_SOURCE DATA_
-*-*-
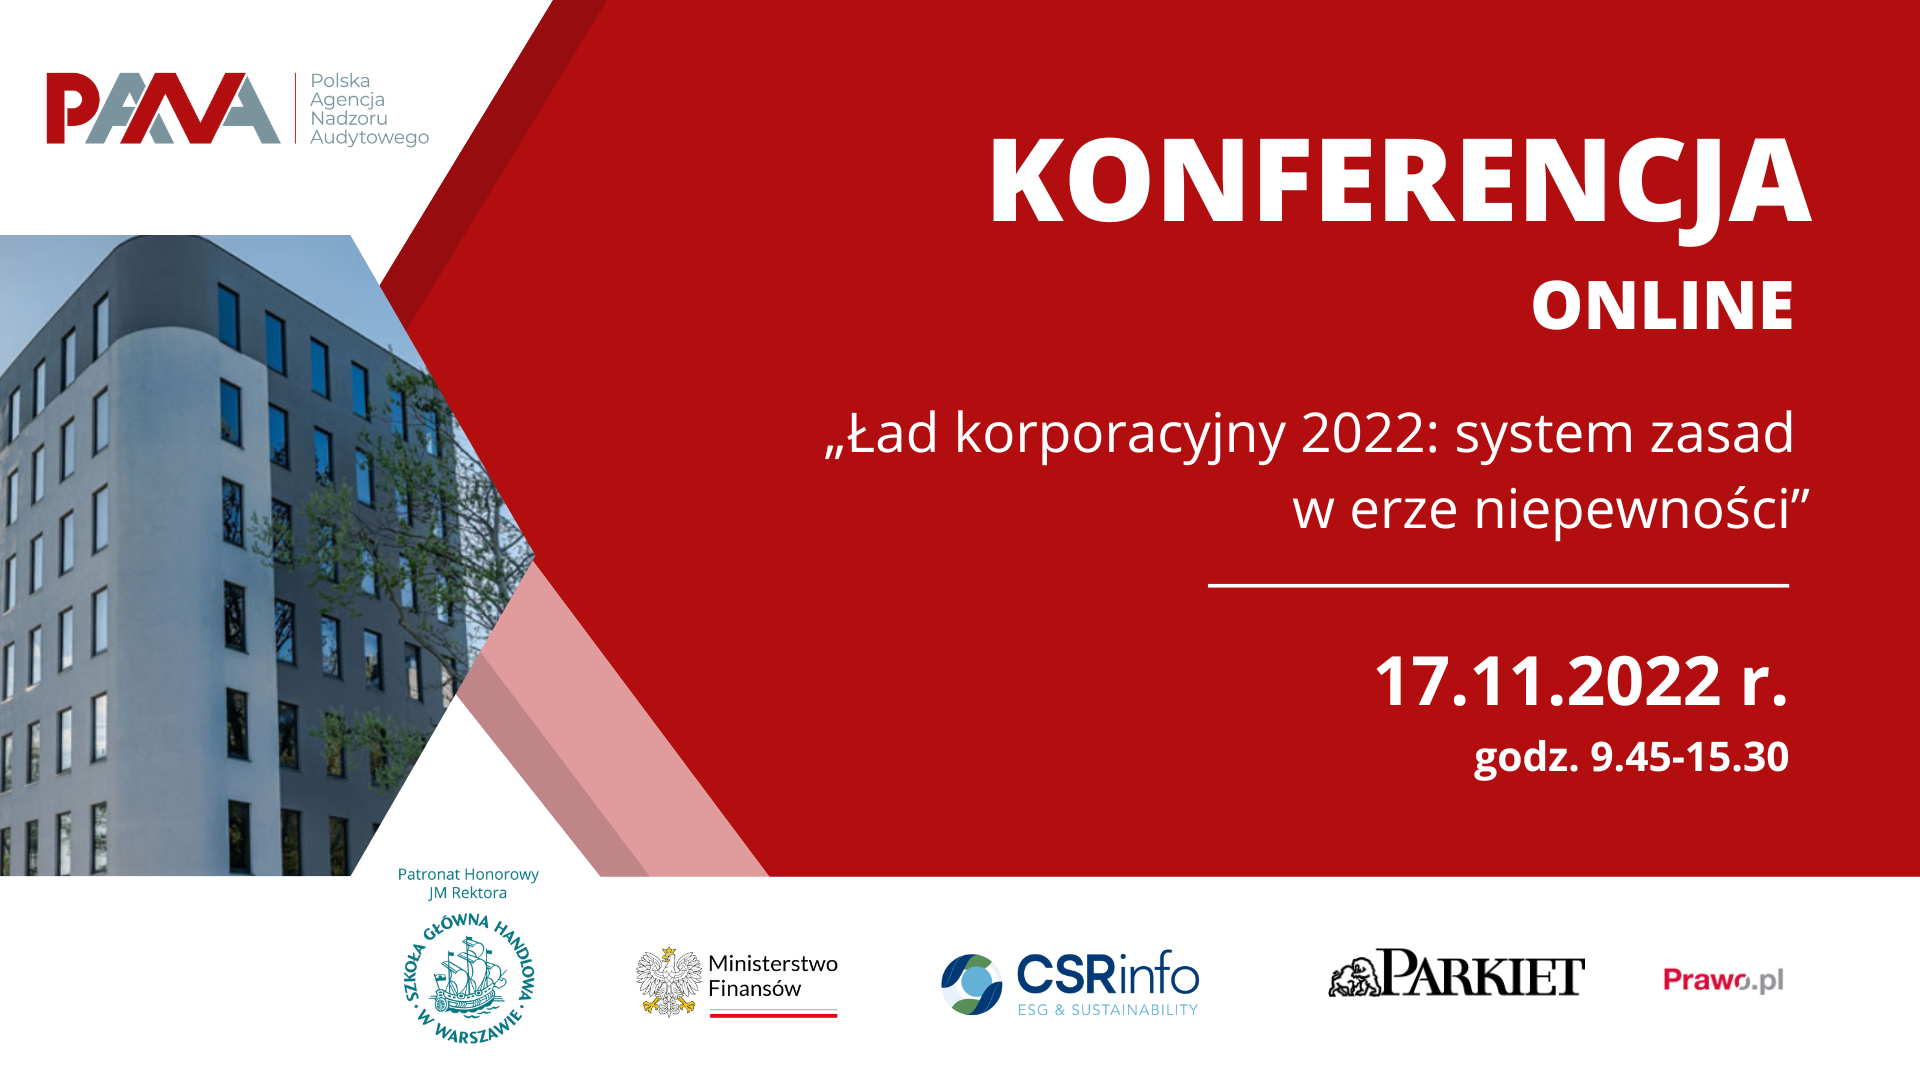 „Ład korporacyjny 2022: system zasad w erze niepewności” - zaproszenie na konferencję edukacyjną Polskiej Agencji Nadzoru Audytowego
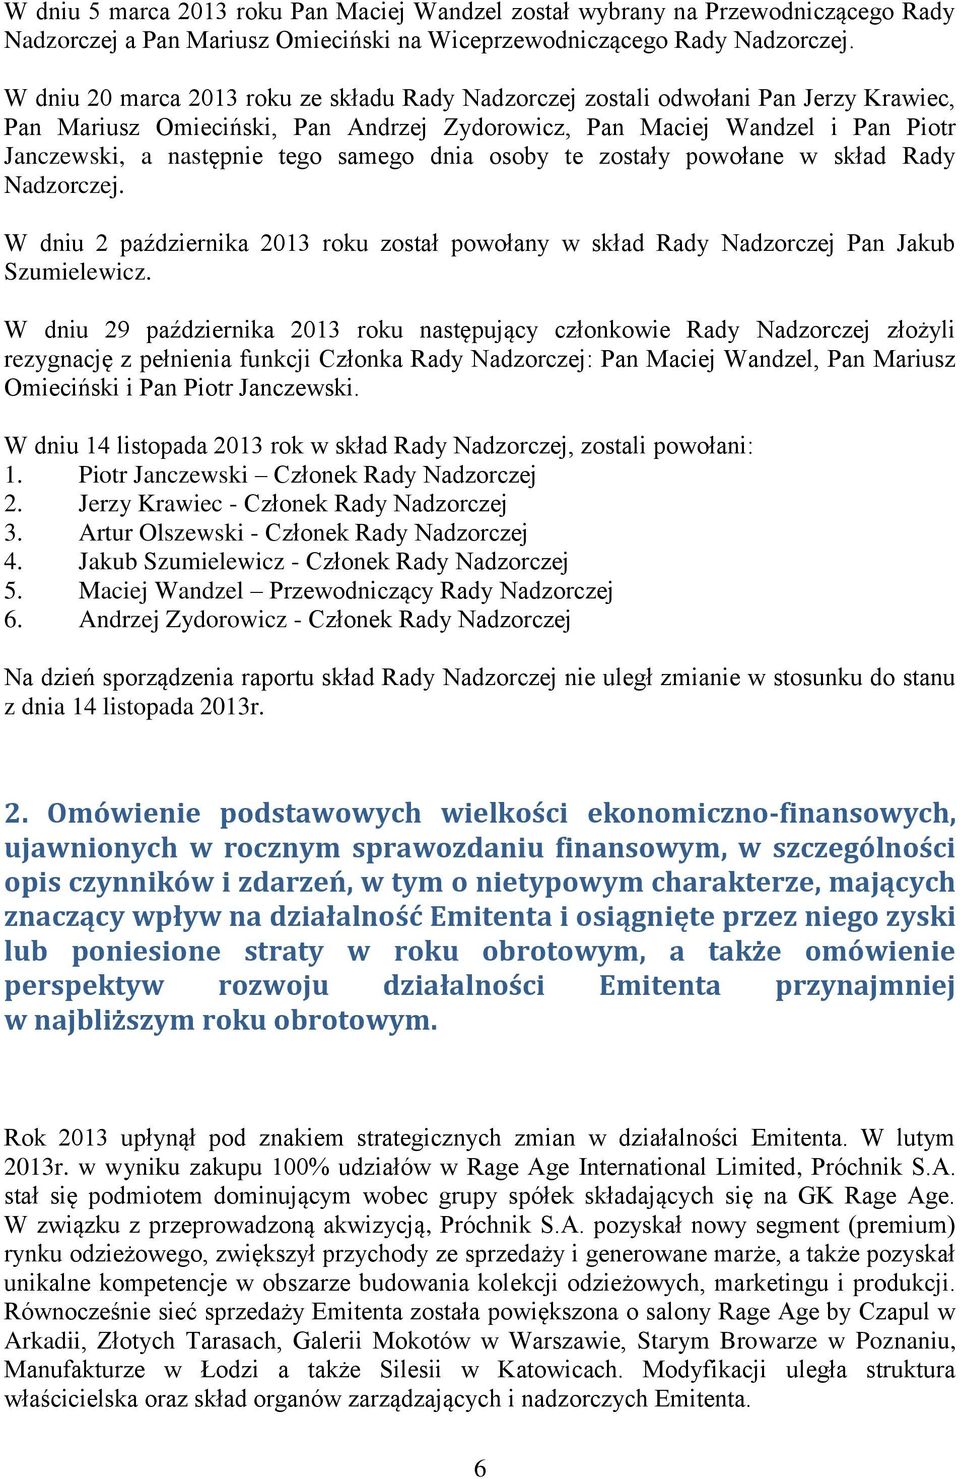 samego dnia osoby te zostały powołane w skład Rady Nadzorczej. W dniu 2 października 2013 roku został powołany w skład Rady Nadzorczej Pan Jakub Szumielewicz.
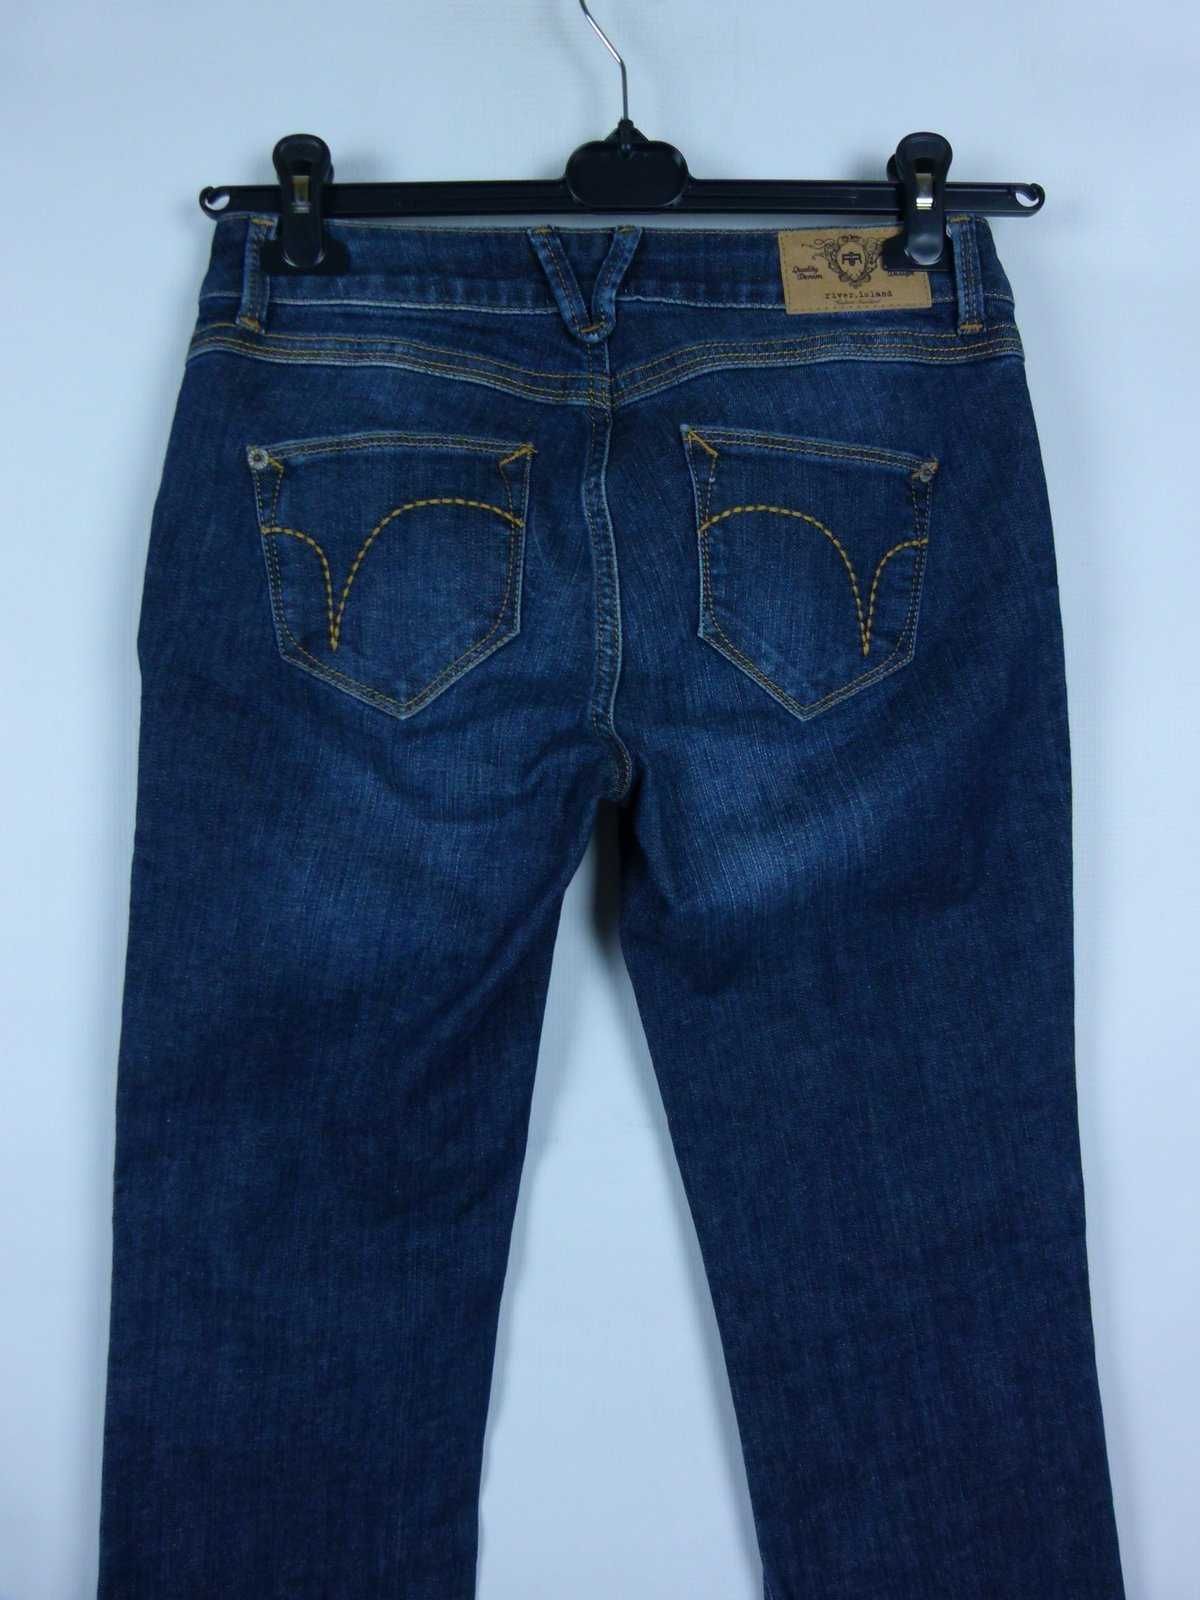 River Island spodnie dżins niski stan bootcut - 10S / 36S z metką
-*-*-
_TASK TO CARRY OUT_
Print the listing word for word, but omit the pictures.

_PROBLEM SOLUTION_
 „Ład korporacyjny 2022: system zasad w erze niepewności” - zaproszenie na konferencję edukacyjną Polskiej Agencji Nadzoru Audytowego
 samego dnia osoby te zostały powołane w skład Rady Nadzorczej. W dniu 2 października 2013 roku został powołany w skład Rady Nadzorczej Pan Jakub Szumielewicz.
 River Island spodnie dżins niski stan bootcut - 10S / 36S z metką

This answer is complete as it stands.